I’m updating a project (setting up a disposable dev environment) from ansible 1.6.2 to 1.7. (Installed and upgraded using pip into a venv).
I’ve been setting up a user on the host that I’m configuring, with a full set of files in .ssh for things like the config (to assign an alias to github), known_hosts, and my key to connect to github.

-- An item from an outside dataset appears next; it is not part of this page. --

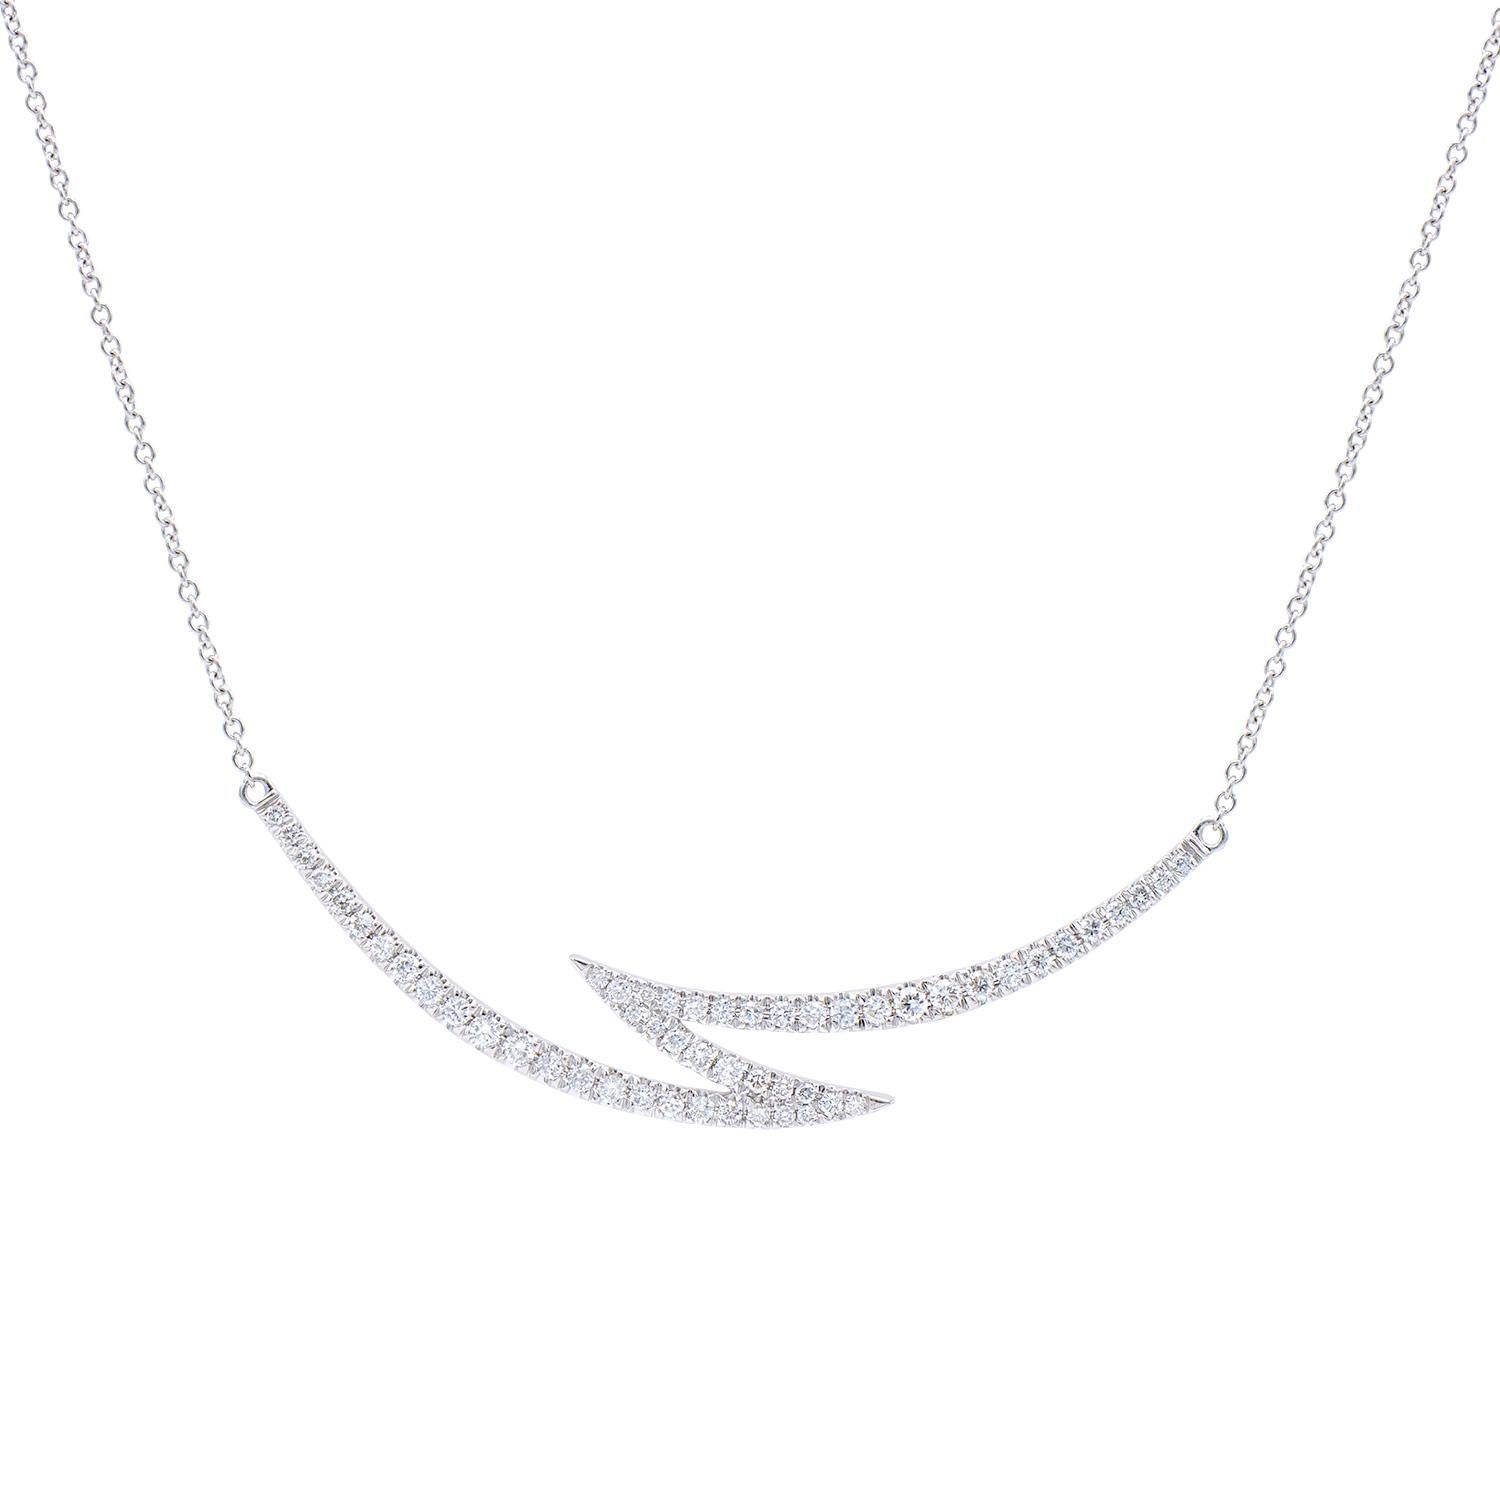 Show someone you care with the beautiful diamond necklace. This gorgeous necklace can be dressed up or down as a perfect accessory and can be worn all the time. The unique lightning shape is made from 54 round VS2, G color diamonds totaling 0.30

I have a play that used to look like:
- name: Clone repositories
git: force=no
repo=ssh://gh/me/{{ item }}.git
dest=/home/foo/projects={{ item }}
key_file=/home/foo/.ssh/github_key
recursive=yes
update=yes
accept_hostkey=yes
with_items: - bar
- baz
- quux
After the upgrade, I started getting this error from each repo:
failed: [host] => (item=…) => {“failed”: true, “item”: “…”}
msg: failed to add gh hostkey: getaddrinfo gh: No address associated with hostname
Getting rid of accept_hostkey=yes switched the error message to:
msg: gh has an unknown hostkey. Set accept_hostkey to True or manually add the hostkey prior to running the git module
I did notice some messages about adding 192.30.252.128 (along with .130) to my list of known_hosts when
I ssh’d in or cloned the repo manually. (That doesn’t seem relevant, but the address looked suspicious to me).
The host that I’m configuring is running ubuntu trusty, inside an lxc.
Changing the repo address to ssh://git@github.com/me/{{ item }}.git seemed to have fixed the problem at first glance.
But now I can’t actually connect to any of those projects that I just cloned. “Permission denied (publickey).”
I can go through and run “git set-url” on each repo to go back to using what I think I actually want, but that’s a huge part of the pain I use ansible to avoid.
Have I missed something about this over the past few months? Or in the docs? Is this intended behavior and I’m missing something obvious?